In this episode Dan moves on to Quadrant Two, which describes patriarchal marriages that are very common in suburban evangelical circles. These families place a high emphasis on performance, success, and excelling in the “right” schools, churches, sports, jobs, and hobbies. The husband in this marriage sees work as his domain, with the calling to provide for his family’s success, while the wife often exerts her influence by making sure the family keeps up appearances. Children of these marriages know from the beginning that their success matters a great deal.

Beneath the shiny and successful surface of a Quadrant Two marriage is a storm of loneliness and contempt, which often leads to intense triangulation, with one or both partners turning to a particular child to fill the holes that exist in the marriage. These dynamics foster fragmentation, contention, and a high level of hidden drama.

There is so often an intersection between power and contempt on one side, and compliance and withholding on the other.

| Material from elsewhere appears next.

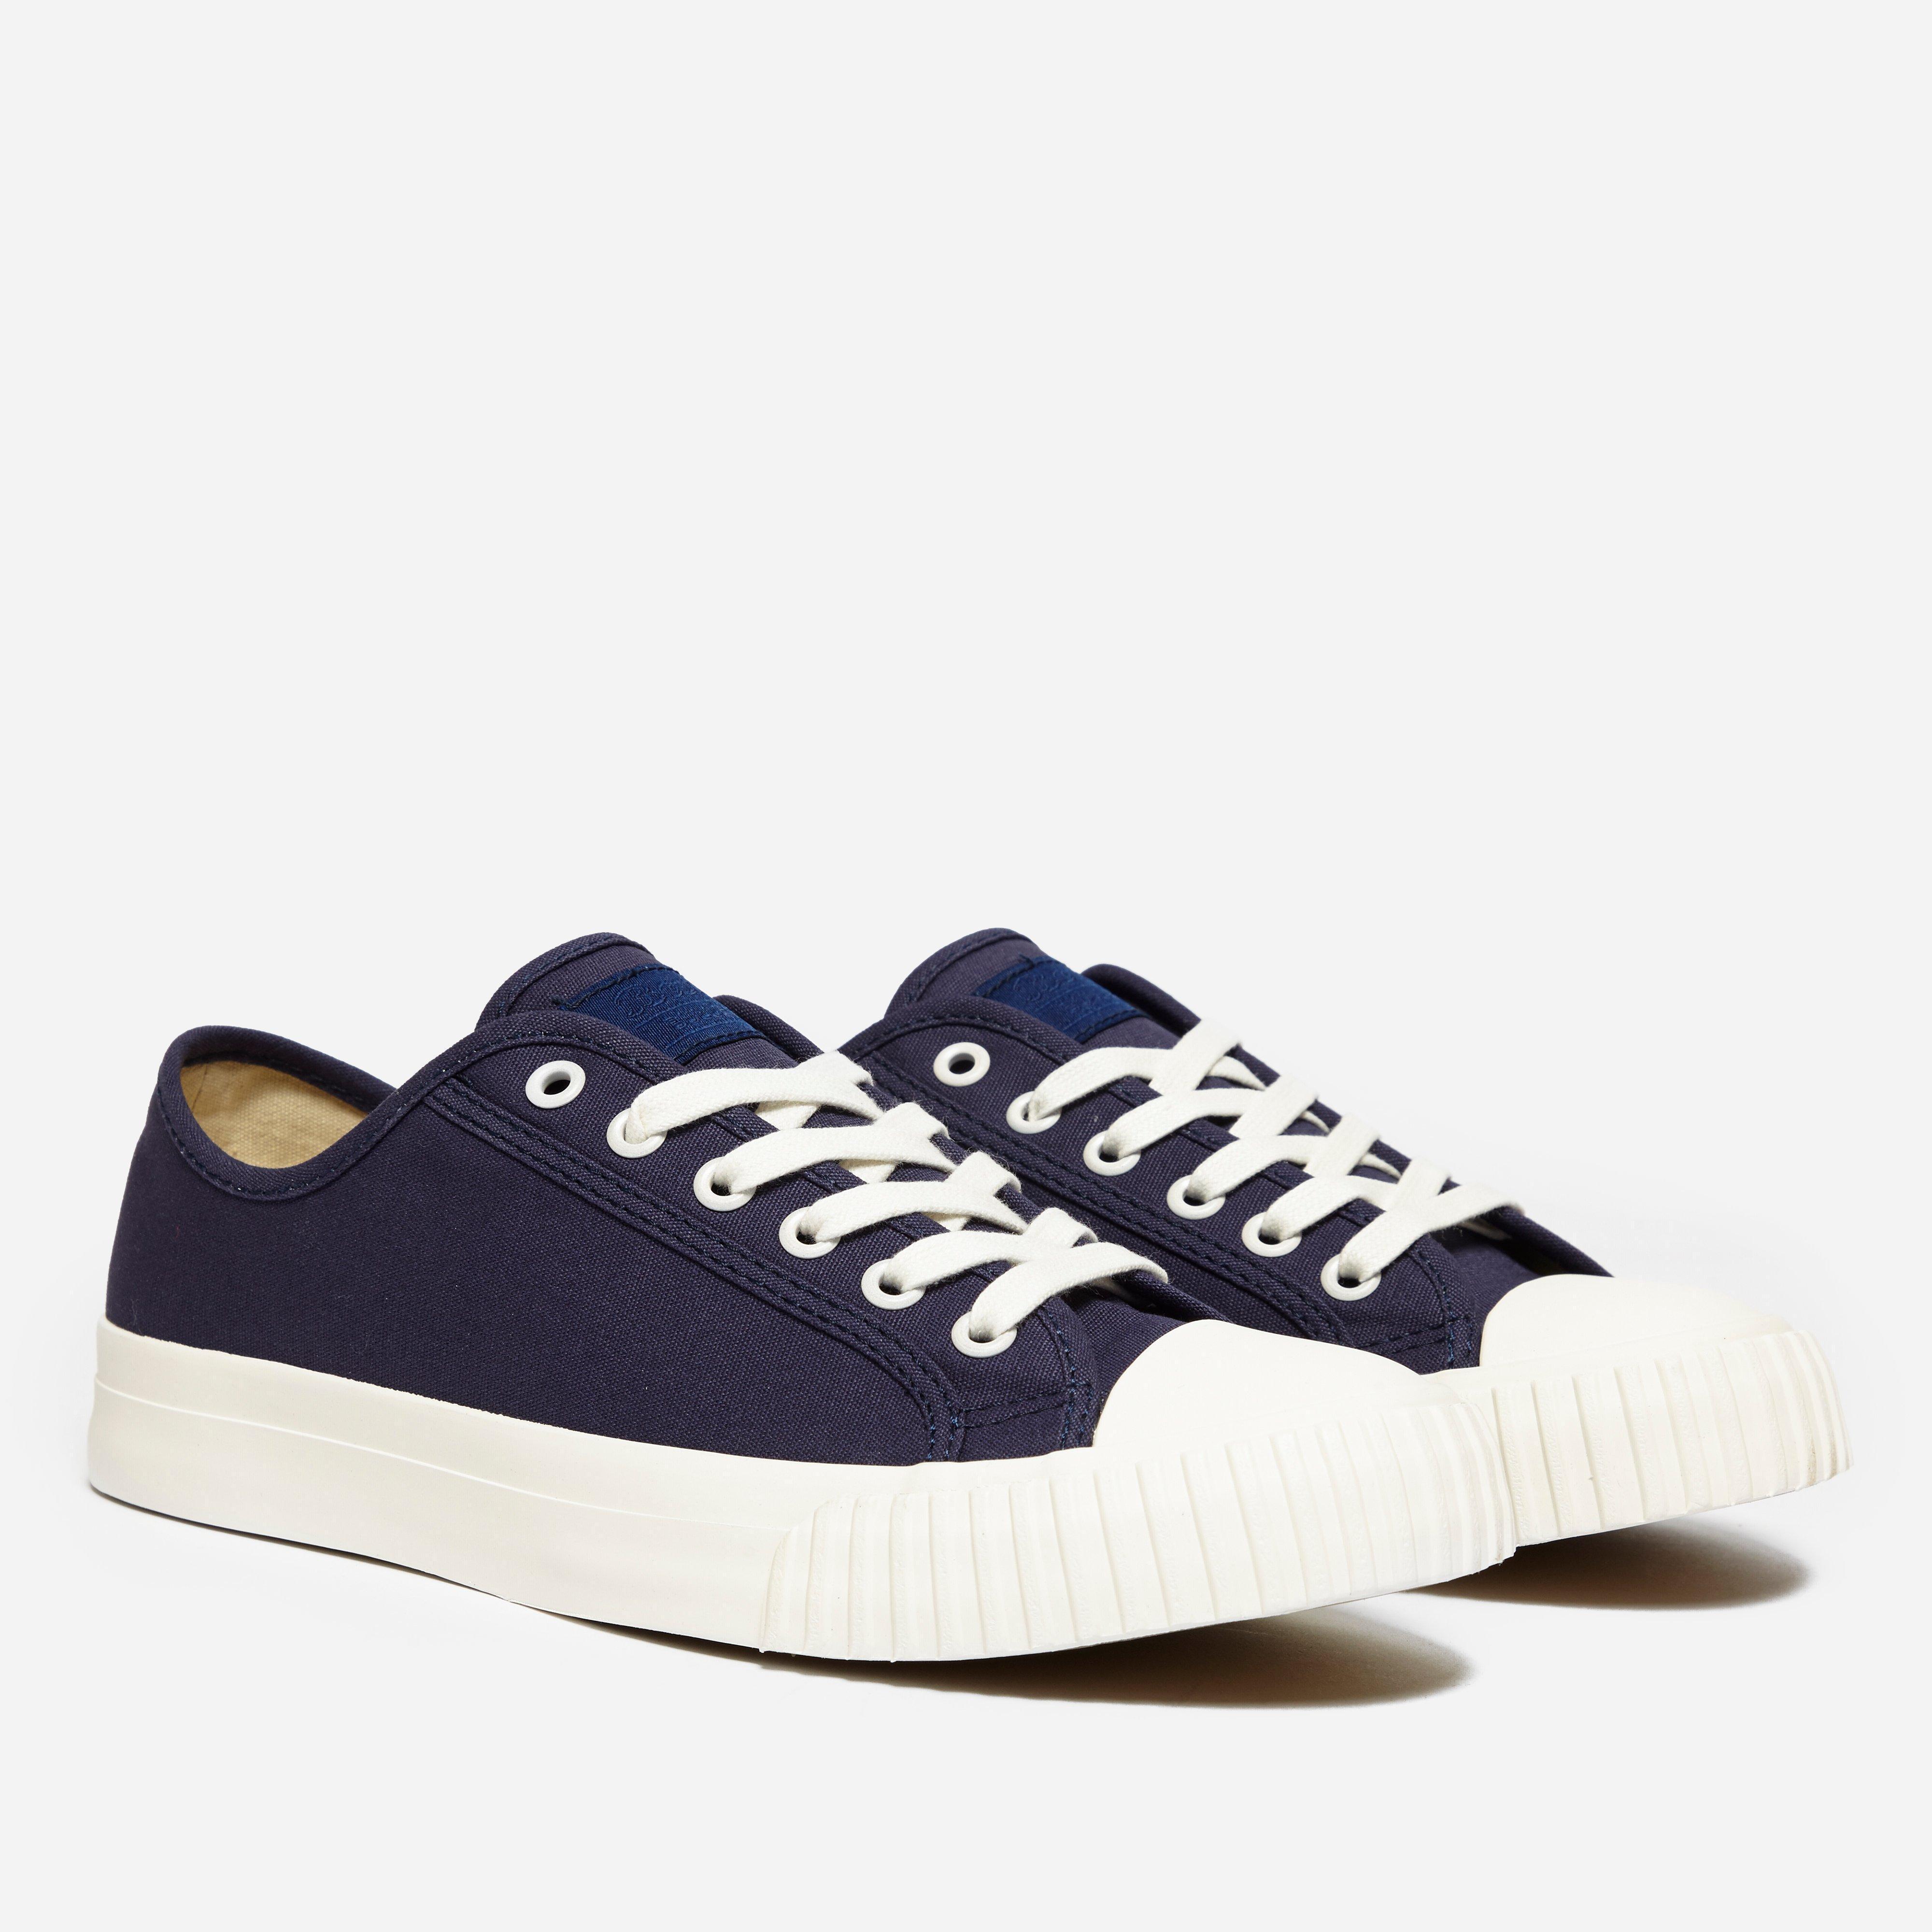 Bata New Shoes Bd
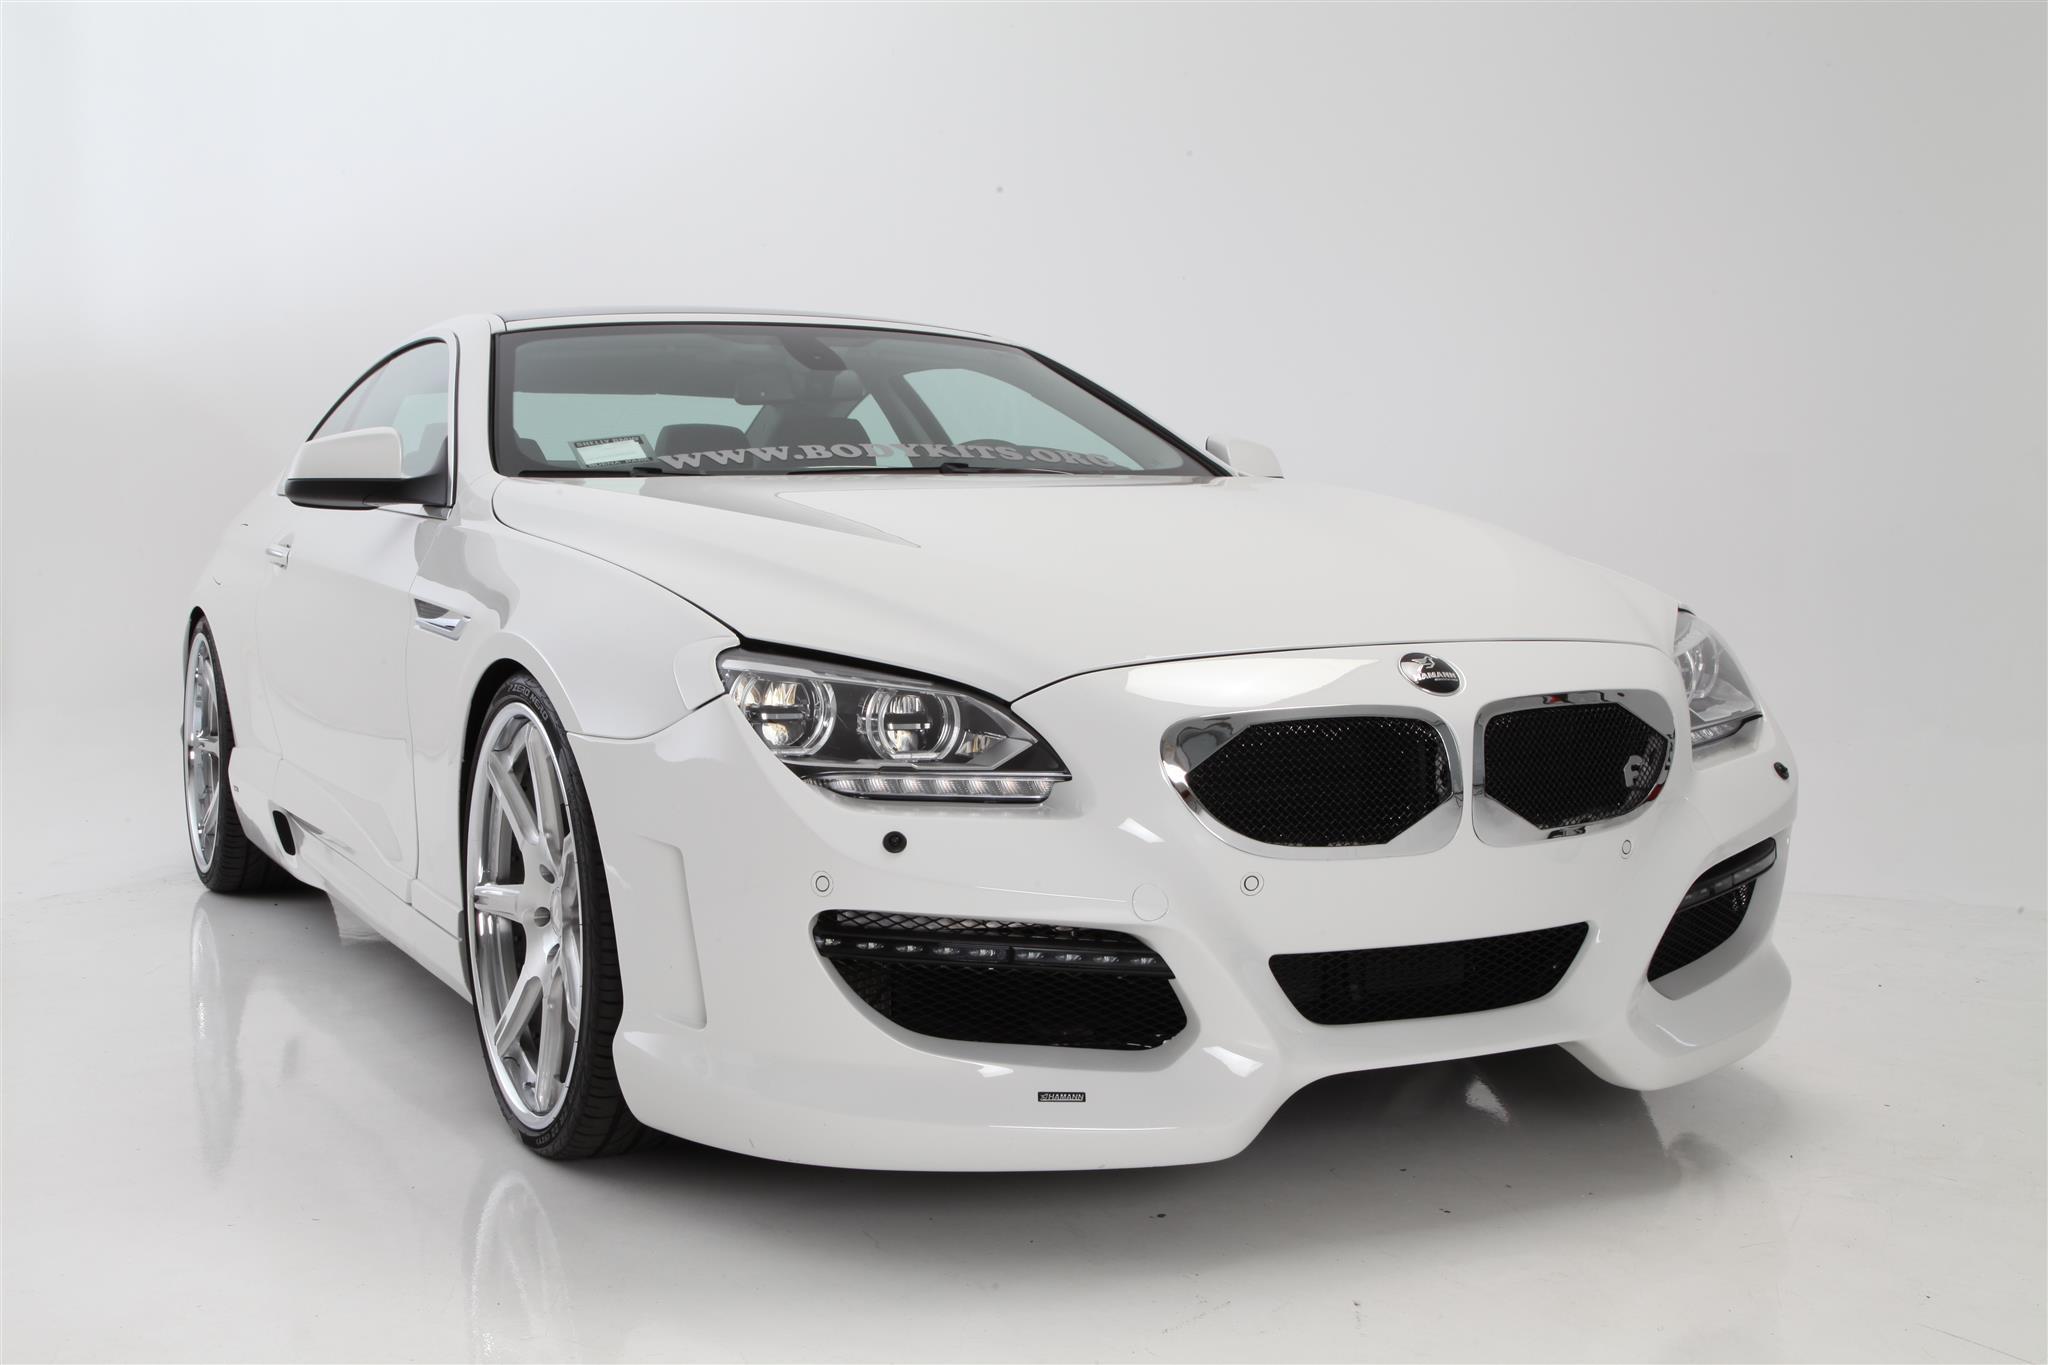 BMW - 6 Series - 2012 - Wheels & Tires

“Wherever one is contemptuous in some form, they have power—the power to make the other pay. Contempt always demeans, belittles, brings deep harm,” says Dan. “The response, often, is a form of acquiescence without the body being present, without desire being present.”

Dan also reflects on how Quadrant Two dynamics are often a reflection of painful family of origin experiences, a way of trauma playing itself out in the facade of normalcy and the pursuit of success. “That simply has to collapse if ever a person is going to rebuild on the basis of integrity.”